Do you need a plan for every property? It’s just hit repeat, right?

While you might think that once you have evaluated a property, you can just apply what you learned to the next property, you need to remember that every property is unique. You will be able to take the knowledge that you gained from previous projects, but you can’t just assume that the next property will be identical to the first. In fact, no two properties are the same. You will discover that each time you work on a deal, you will encounter new obstacles.

Look at your new areas Competition

Every time that you look at a property, you need to evaluate the surrounding market. How many other self-storage facilities are within a .5 mile up to a 3 mile radius depending on how dense your population is. People are not going to drive past other properties to get to yours.
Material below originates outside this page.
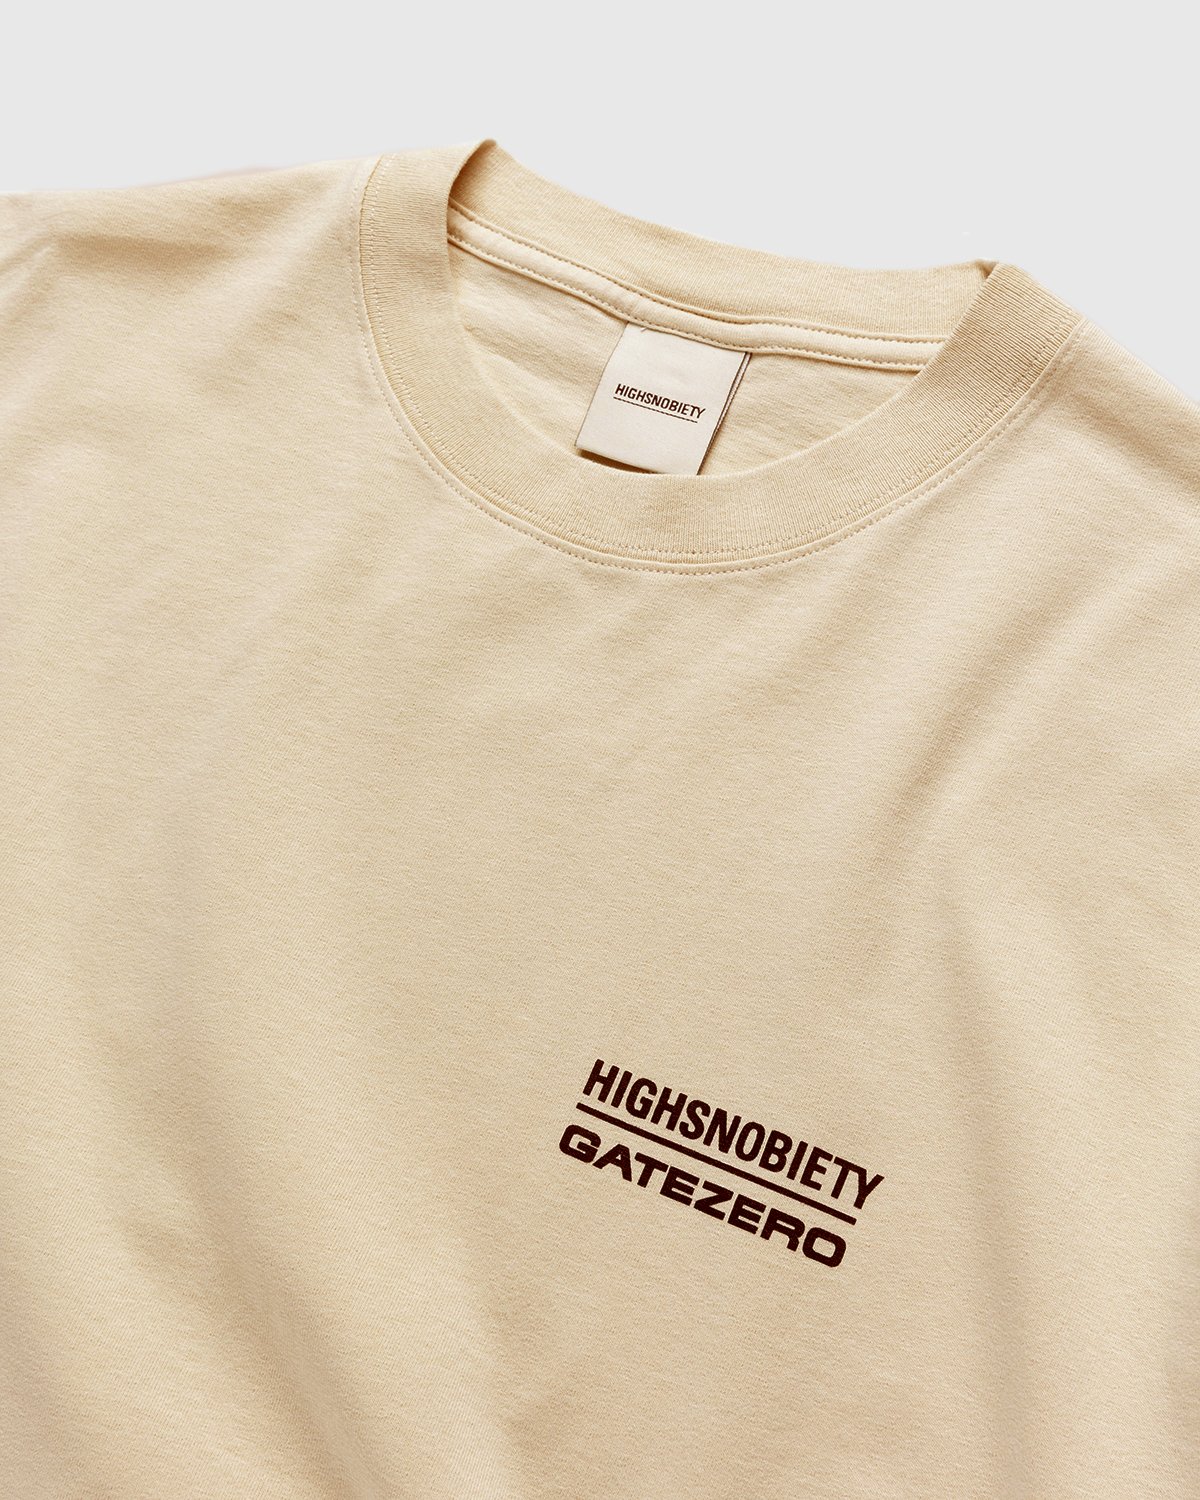 Highsnobiety - GATEZERO City Series 1 T-Shirt Eggshell - Clothing - White - Image 4
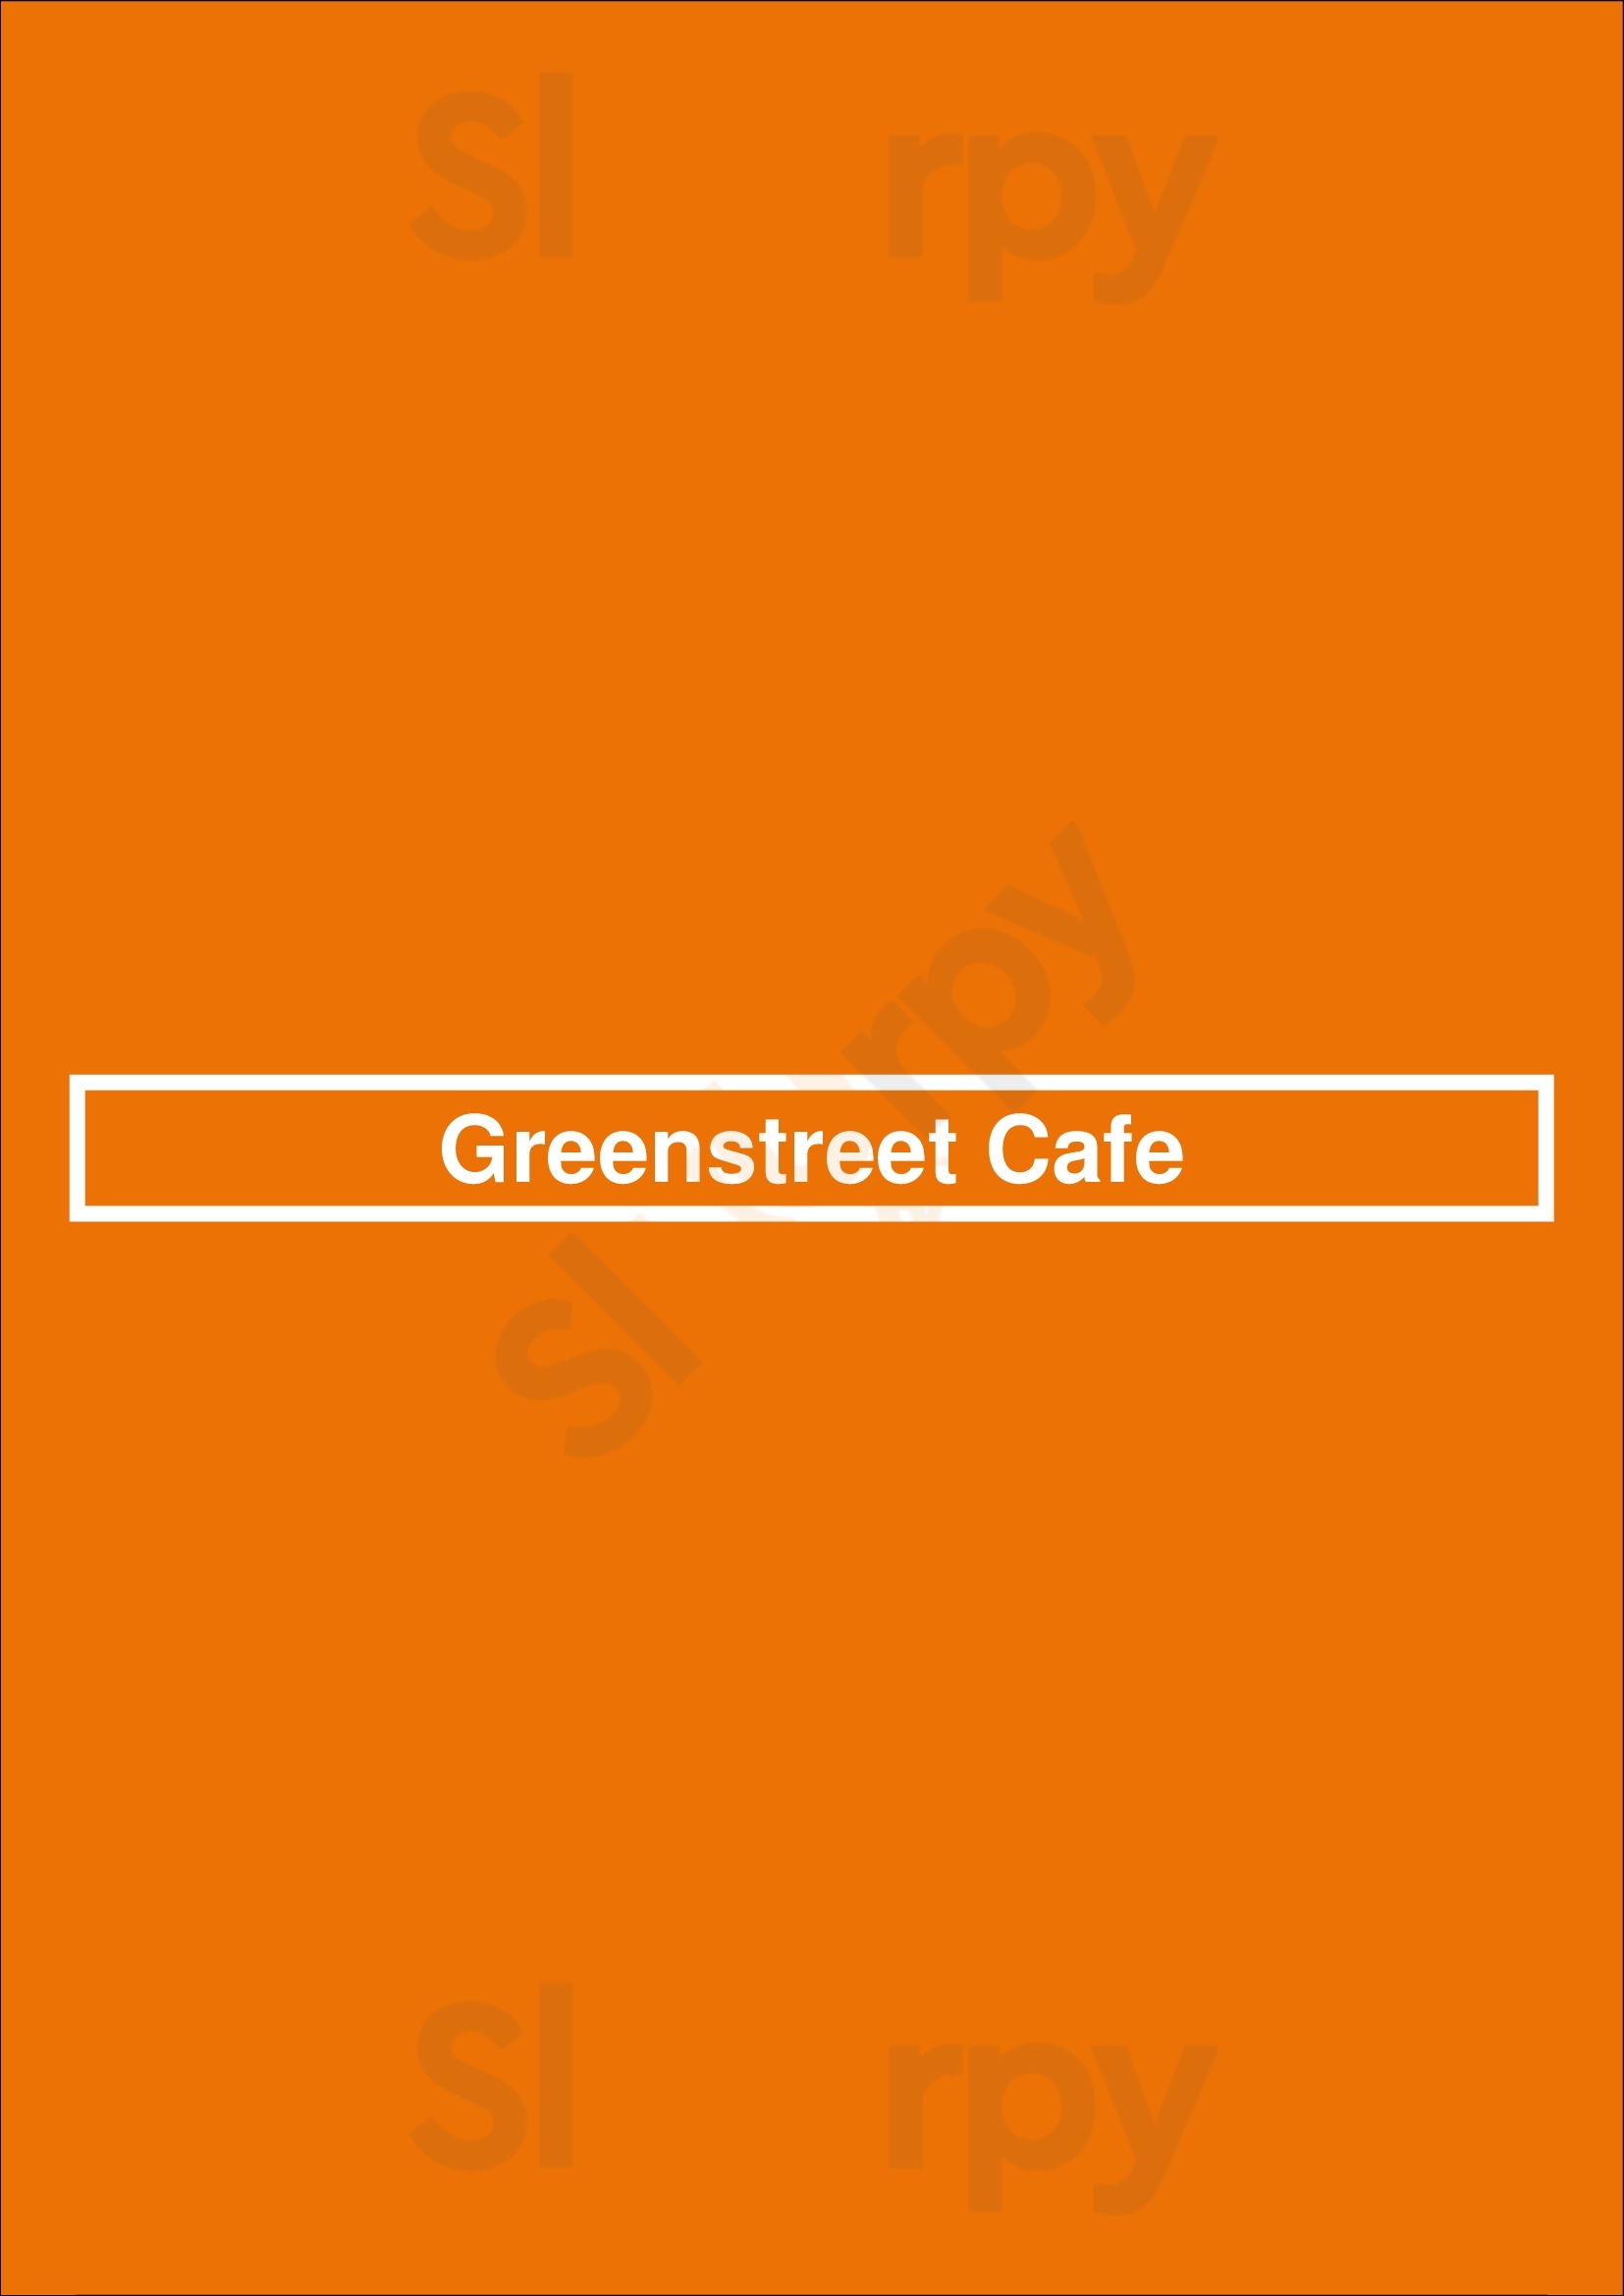 Greenstreet Cafe Miami Menu - 1

They are storing for convenience.

Determine your new areas Equilibrium

You also need to figure out how much self-storage is currently available in your area. As of January 2021, the average person is using 5.9 square feet of self-storage. If you find that your area is over saturated, you may want to look in a different location. However, if your area is undersupplied, then this could be a great area to invest. You also need to look at what is in the pipeline. You want to make sure that your area isn’t going to have a sudden change in the number of available units. Make sure that you research what the point of equilibrium is in your area because it can vary from city to city. One city might have an equilibrium of 4 feet per person while another might be 16 feet per person.

Apply what you learned to the new property

Now that you have done some preliminary research to determine that this is a good investment, it is time to order your feasibility study. Just like before, it is time to start talking to potential investors and lenders to see who is interested in working with you and whether or not the numbers still make sense with the current interest rates. Don’t assume that you can get the same rental rates as other units. There will be enough differences between this property and your other properties that you will need to evaluate what this property will rent for.

Don’t give up. Even if the new property doesn’t look good at the current asking price, find out what number makes sense for you and put in that offer. If the seller says no, let them know that you are always in the market if they change their mind. Stick to what you know works for your investment model. As always, happy investing.